La opinión pública colombiana siempre ha visto con reserva -e incluso con franco disgusto- los viajes que en su condición de Jefe de Estado realiza el Presidente de la República a sus homólogos de otras naciones, para participar en cumbres multilaterales, o intervenir en foros internacionales. Hay en el fondo de esa actitud algo del parroquialismo típico de un país que ha vivido enclavado en los Andes y un tanto desconectado del mundo. Pero es también el reflejo de una preocupación legítima de la gente, que se pregunta qué tienen que ver los viajes del Presidente con sus necesidades cotidianas y con los problemas más acuciantes de los que -según su criterio- debe ocuparse el Gobierno.
No es nada fácil explicar a los ciudadanos de a pie los asuntos de política exterior, ni la complejidad característica de las relaciones internacionales, ni la utilidad de la acción diplomática -tantas veces caricaturizada- para la promoción de los intereses nacionales ante el resto del mundo, y en últimas, para su propio bienestar. Por otra parte, muy poco esfuerzo se ha hecho por acercar la política exterior a la ciudadanía, por hacerla más comprensible y tan transparente como la reserva y la sensibilidad que le son propias lo permita. Antes bien, la política exterior sigue siendo una especie de arcano al que solo tienen acceso glamurosos funcionarios de alto rango y que solo entienden unos pocos y privilegiados expertos (que a veces, sin embargo, no lo son tanto).
La verdad es que la diplomacia presidencial juega un papel primordial, y a veces insustituible, en la acción exterior del Estado.
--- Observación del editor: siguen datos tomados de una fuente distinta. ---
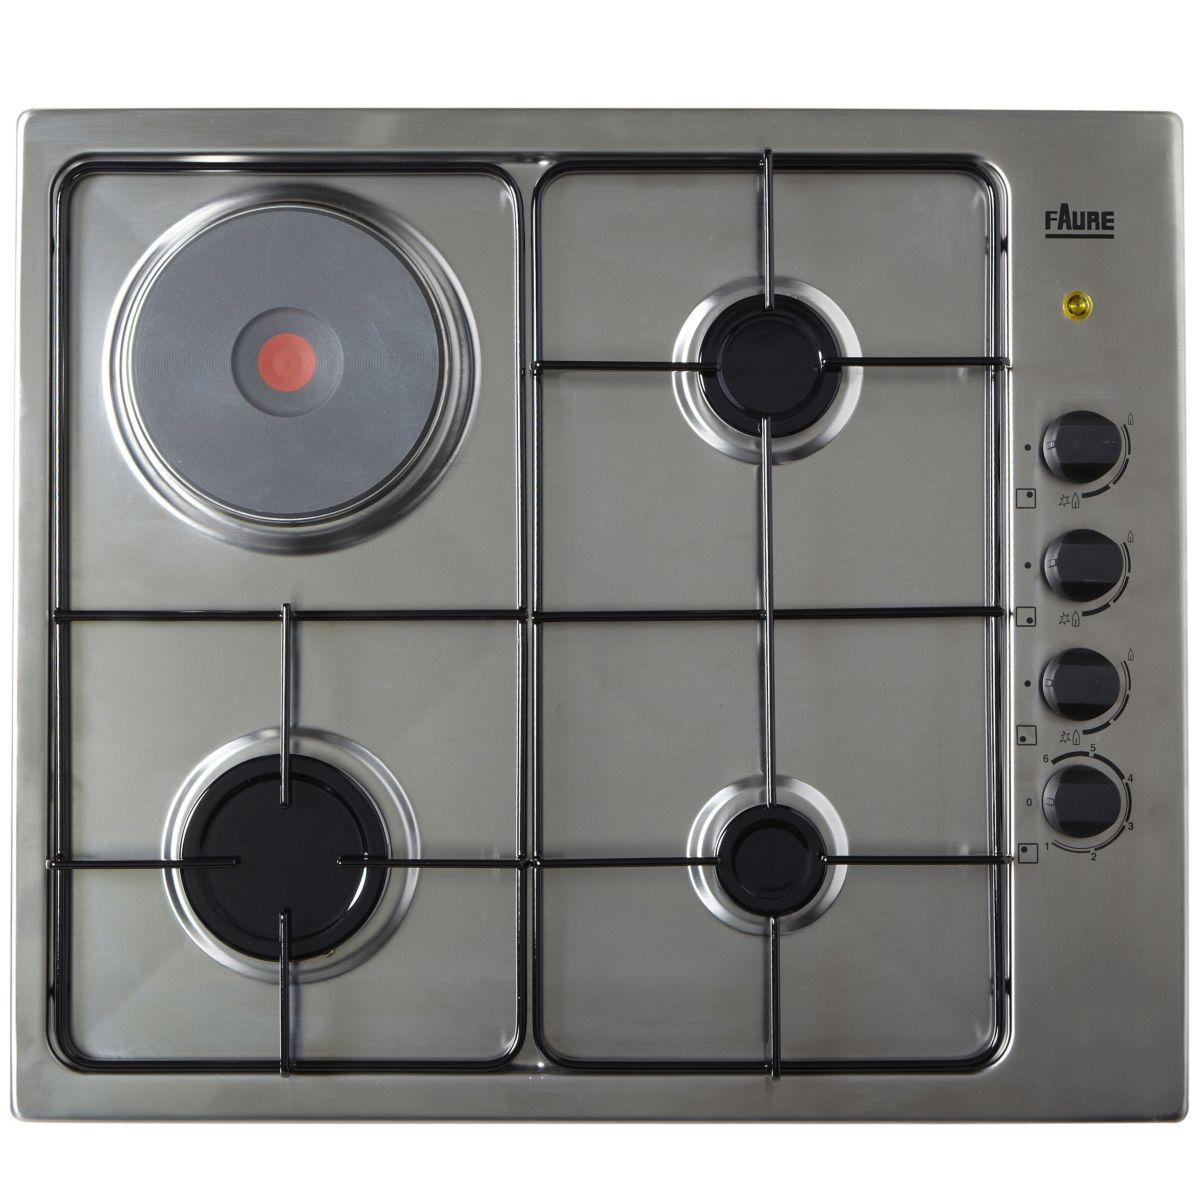 faure fgm62444 table de cuisson mixte gaz et lectrique 4 foyers comparer avec. Black Bedroom Furniture Sets. Home Design Ideas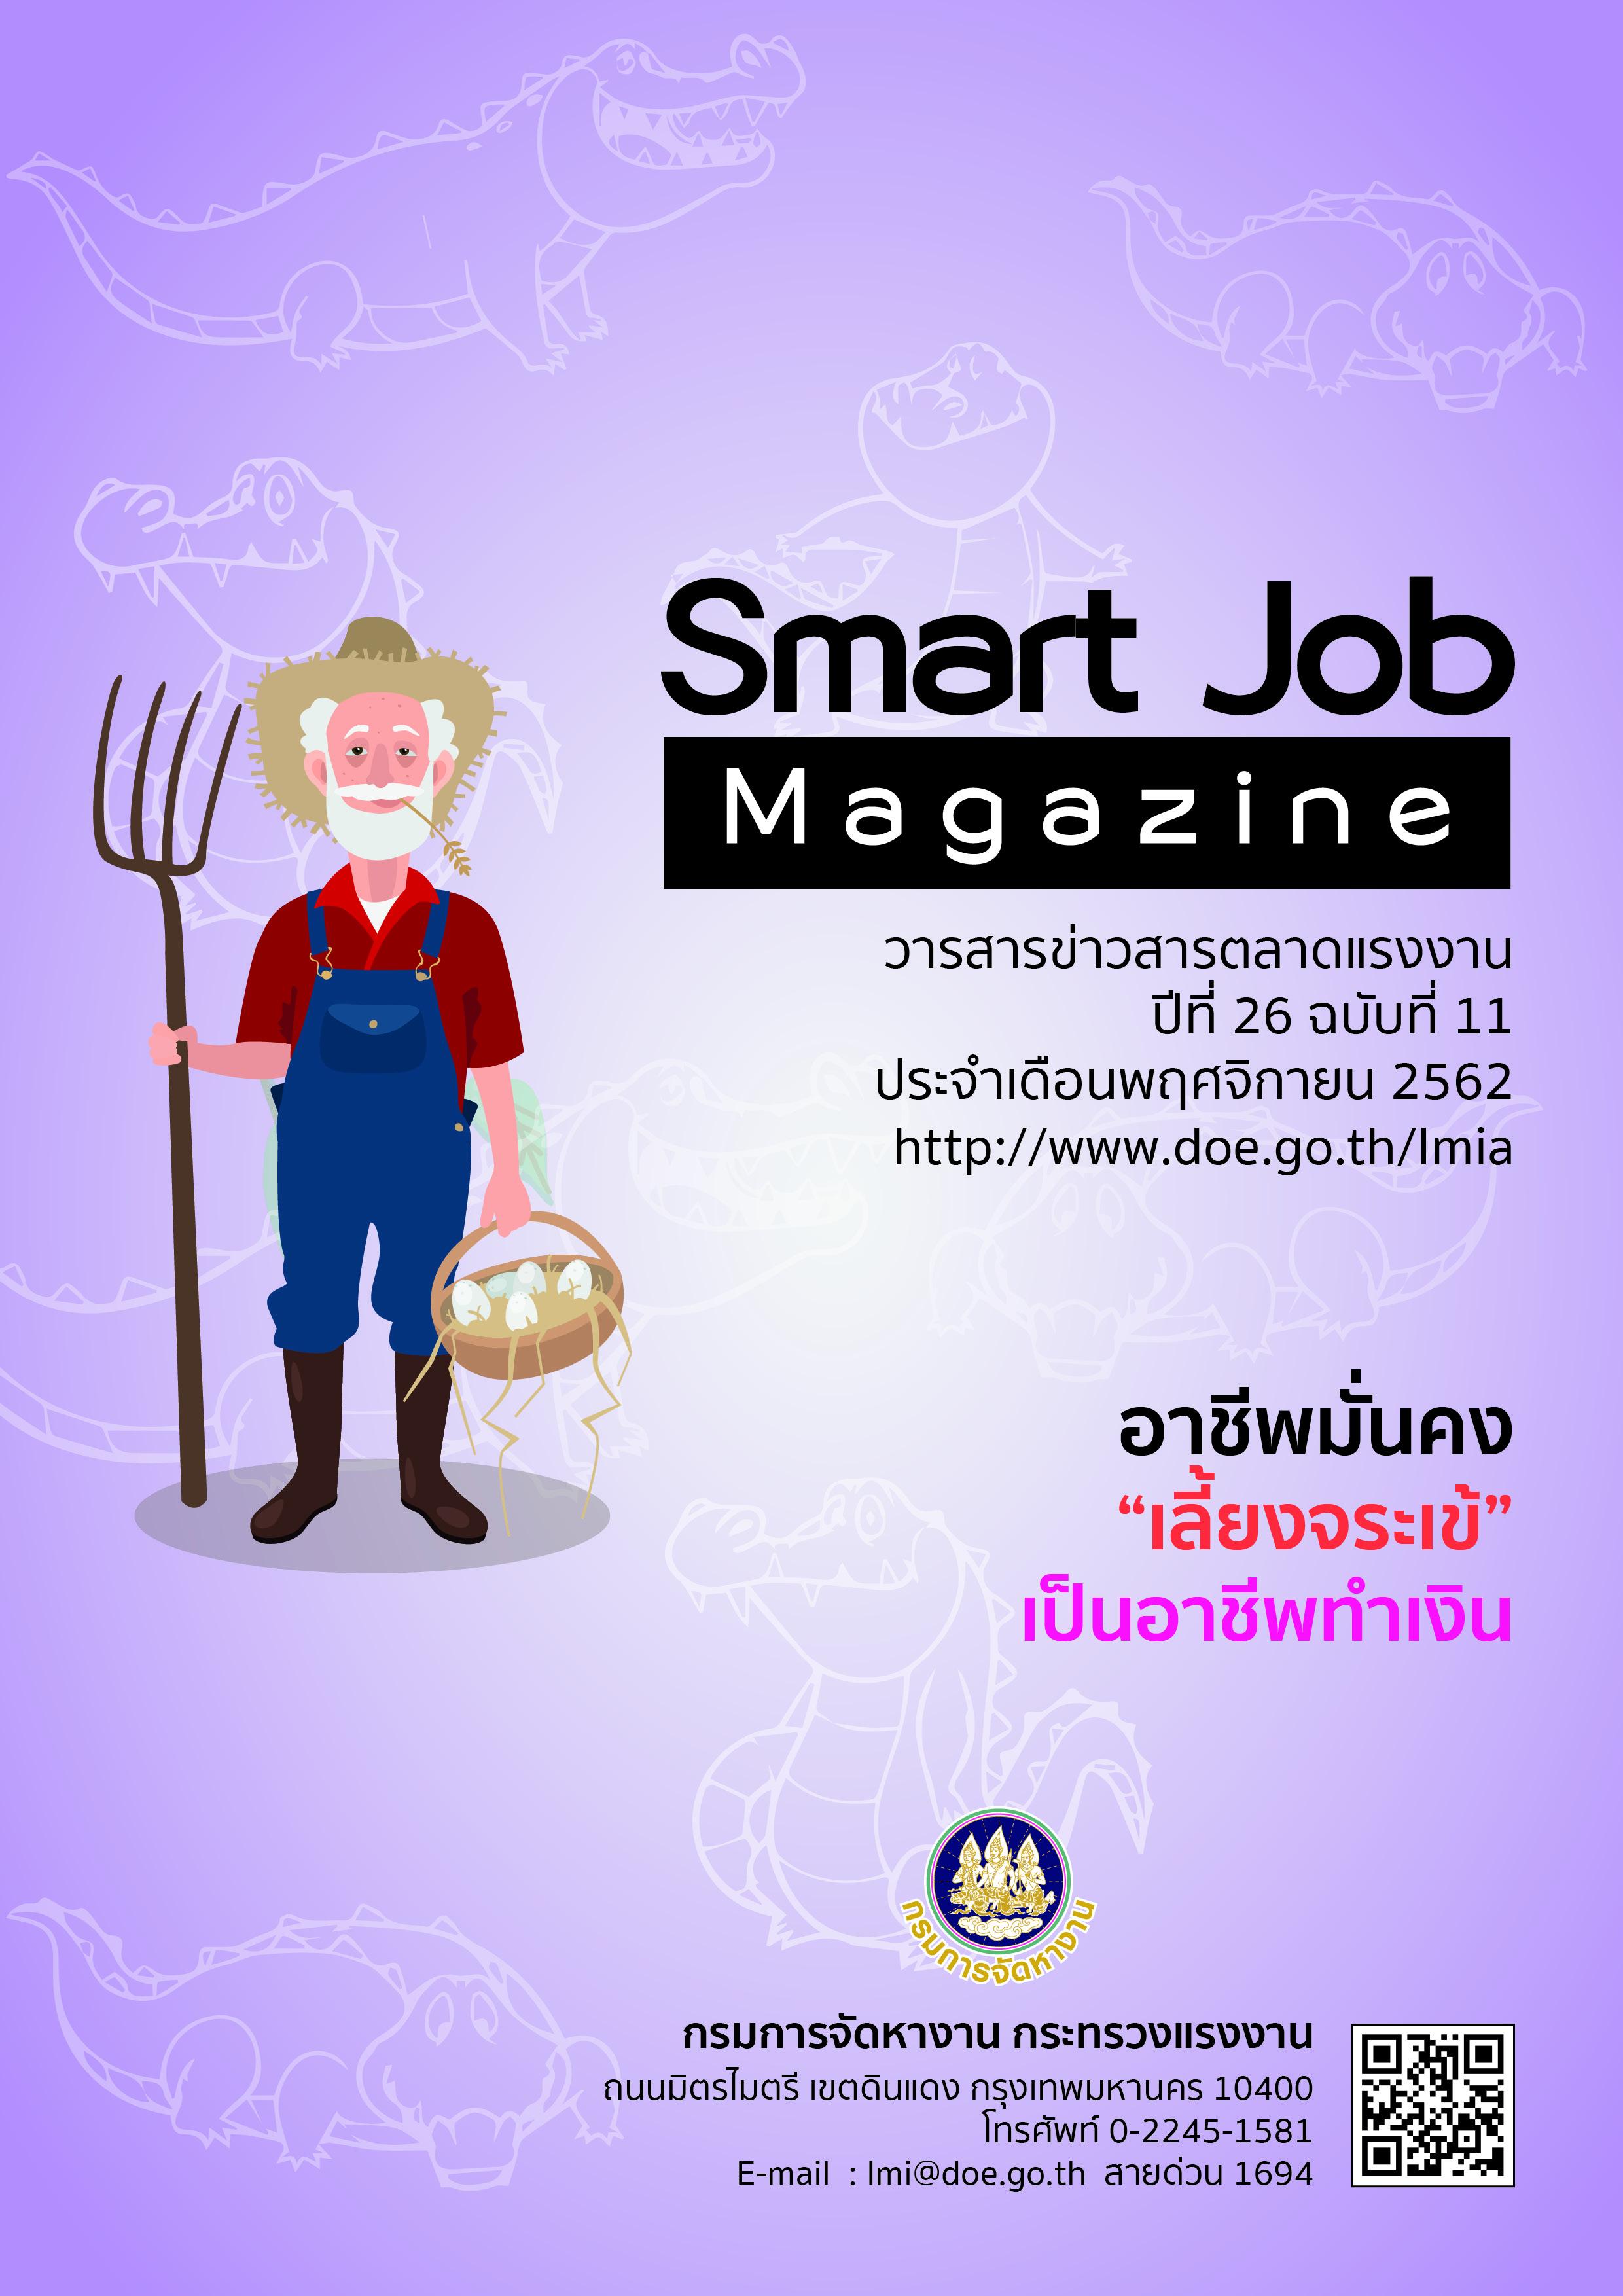 วารสารข่าวสารตลาดแรงงาน Smart Job Magazine ประจำเดือนพฤศจิกายน 2562

Visitas y cumbres en las que los mandatarios se conocen y se examinan personalmente, sin intermediación alguna, son fundamentales para establecer afinidades, aprender cómo opera el proceso de toma de decisiones y evaluar el peso que en este tiene la idiosincrasia de los líderes. A pesar de los avances en las telecomunicaciones, de las video-llamadas y las teleconferencias, del correo electrónico y de Twitter, habrá visitas de Estado y cumbres de mandatarios para rato.
Hay ocasiones, sin embargo, en que los recelos de la ciudadanía pueden estar más que justificados. Tal es el caso de la reciente visita del presidente Santos a Canadá, en la que además de actos protocolarios (honores militares, siembra de un árbol), hubo también reuniones de alto nivel político (con la Gobernadora General; con el primer ministro Trudeau; con el secretario general de la OCDE) y económico (con empresarios); y tiempo para un conversatorio en la Universidad de Ottawa y un almuerzo en el Foro Global de Toronto.
¿Pero qué le queda al país de todo esto? De nada sirve que Canadá reafirme su apoyo al proceso con las Farc si internamente su implementación sigue lastrada por el déficit de legitimidad y la falta de un consenso político y social básico que la apuntale. De nada sirve anunciar la cooperación canadiense para adaptar la Policía al “posconflicto”, mientras nuevos actores violentos y criminales (y otros reencauchados) sustituyen a los viejos. De nada sirve hablar con empresarios en ausencia de seguridad jurídica y claridad regulatoria, sobre todo en relación con las actividades económicas en la ruralidad, de la que por otra parte muchos inversionistas canadienses ya se han retirado. De nada sirve insistir en el camino de la OCDE mientras se aplazan las reformas institucionales y de política pública de las cuales depende el ingreso de Colombia a esa organización. De nada sirve recibir el aplauso de los espectadores en la tribuna internacional, mientras la falta de liderazgo y la desconexión presidencial se hacen más palmarias en la grave coyuntura que vive el país.
De nada sirve, salvo para la egoteca personal del presidente Santos, que de regreso a Colombia recibió en la Universidad de Kansas un doctorado honoris causa, como reconocimiento “por mis esfuerzos para traer a la paz a mi país y, de alguna manera, al mundo”, según sus propias palabras.